▸ What is expected: An exact reproduction of the listing is wanted, with the pictures dropped.
Information provided Block Start
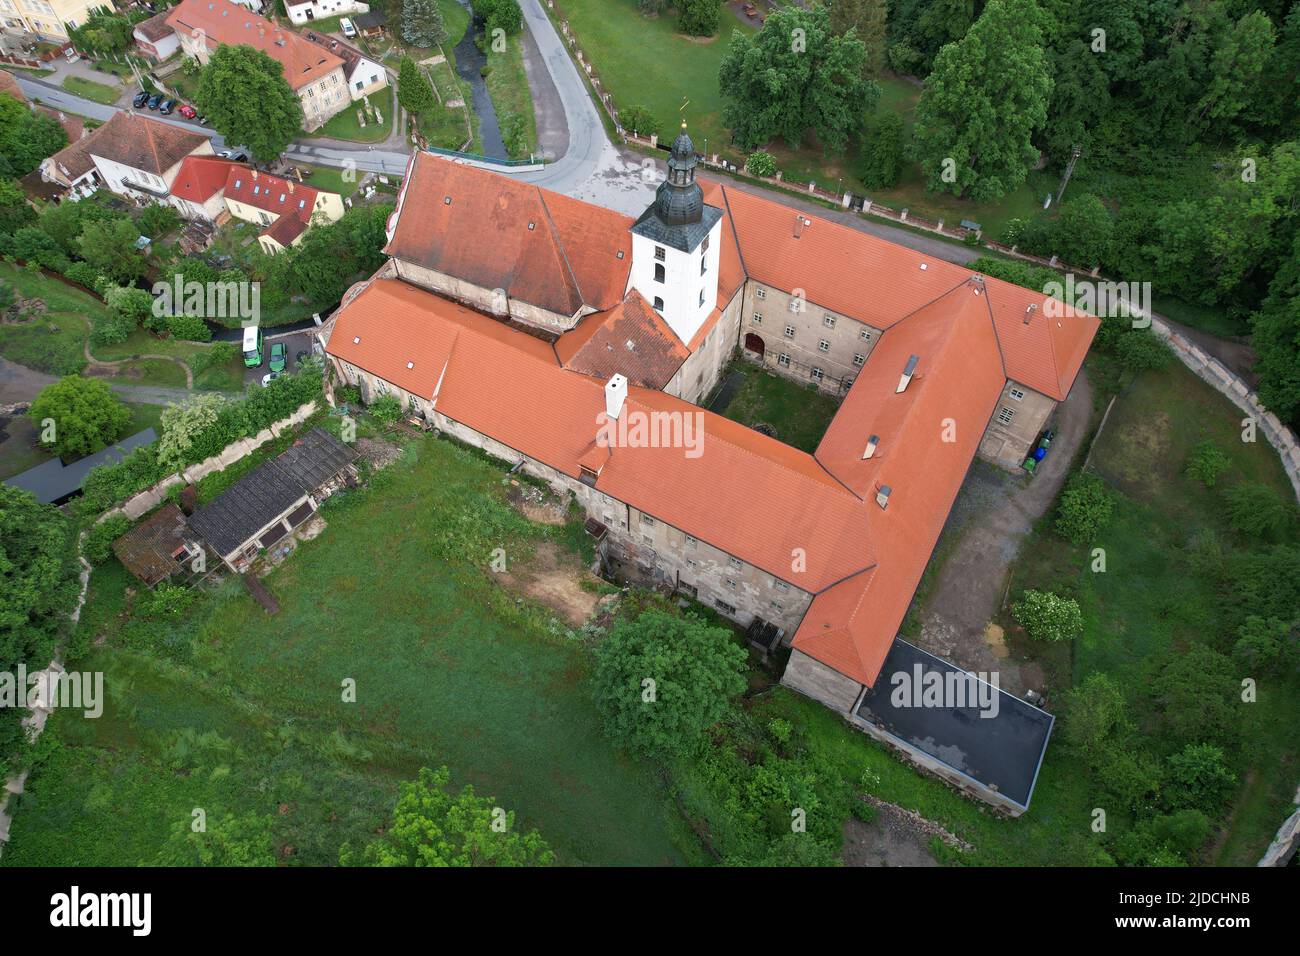 Svaty Jan pod Skalou - ein kleines Dorf in Tschechien, Europa, Kloster Svaty Jan pod Skalou Stockfoto
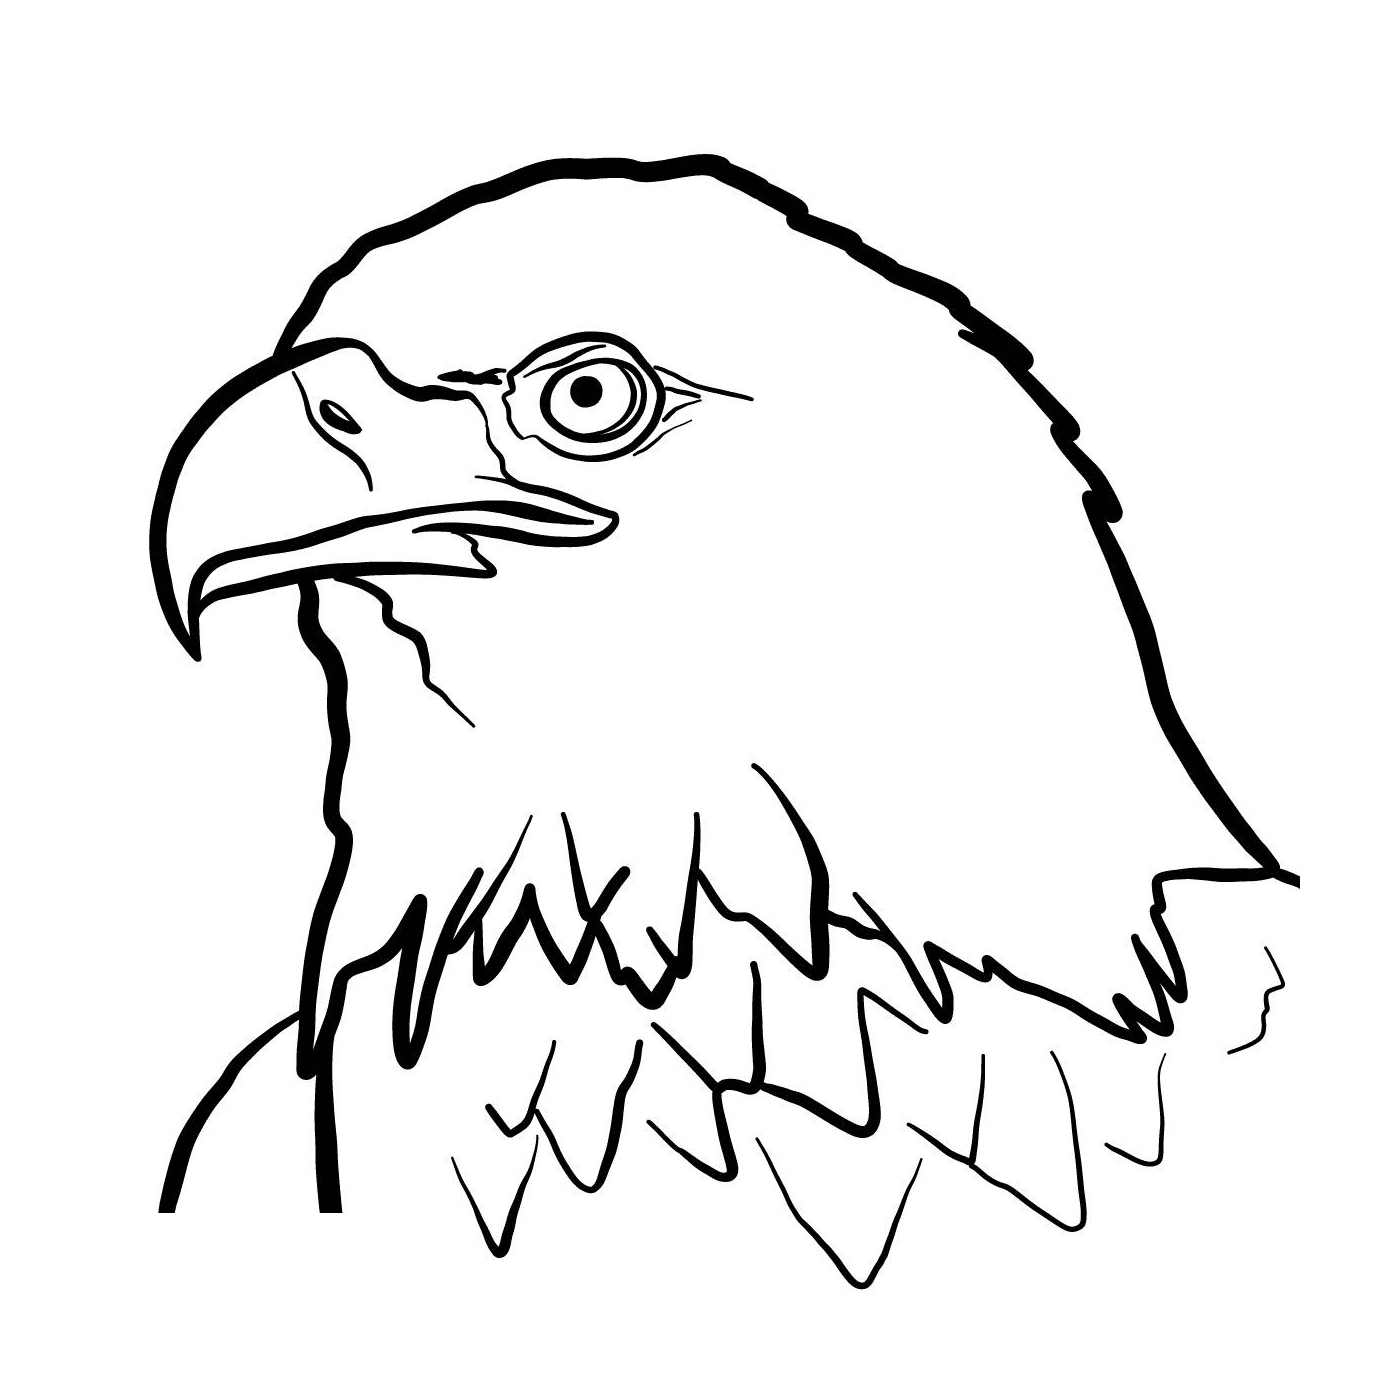  Royal eagle 
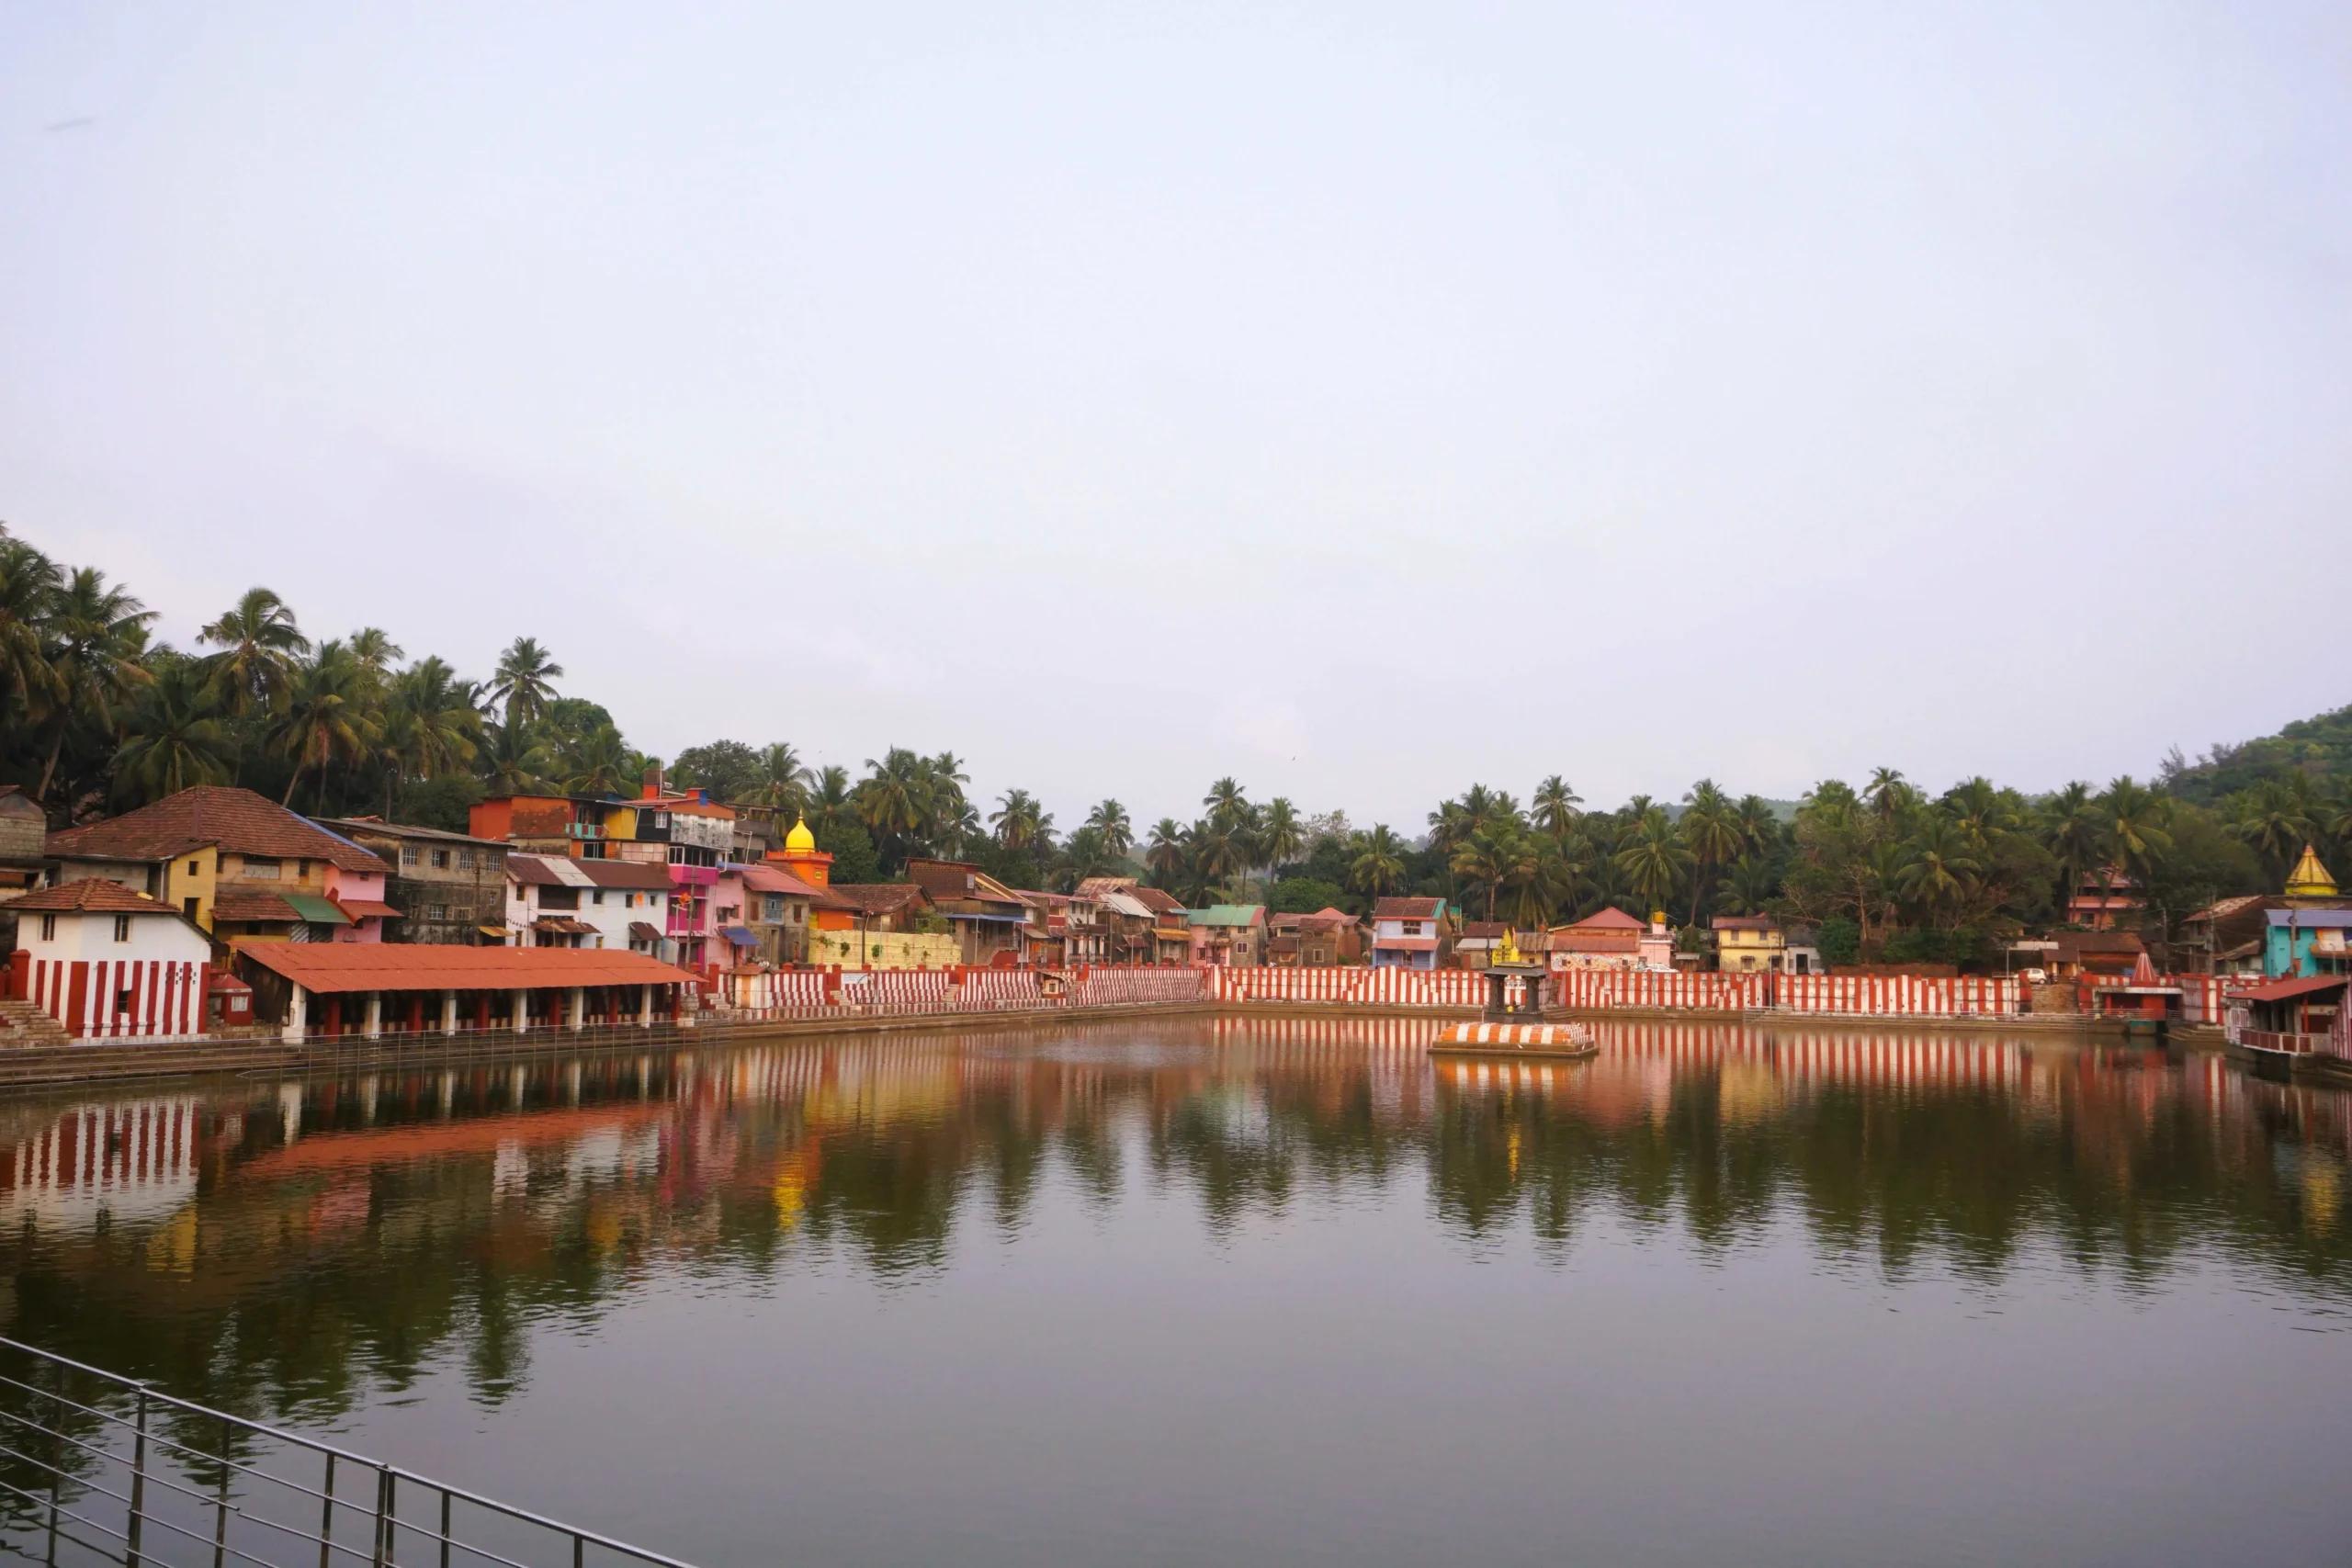 Kotiteertha Holy pond in Gokarna
Information provided Block End
▸ Reply to the exercise:
 Svaty Jan pod Skalou - ein kleines Dorf in Tschechien, Europa, Kloster Svaty Jan pod Skalou Stockfoto
  Royal eagle 
 Kotiteertha Holy pond in Gokarna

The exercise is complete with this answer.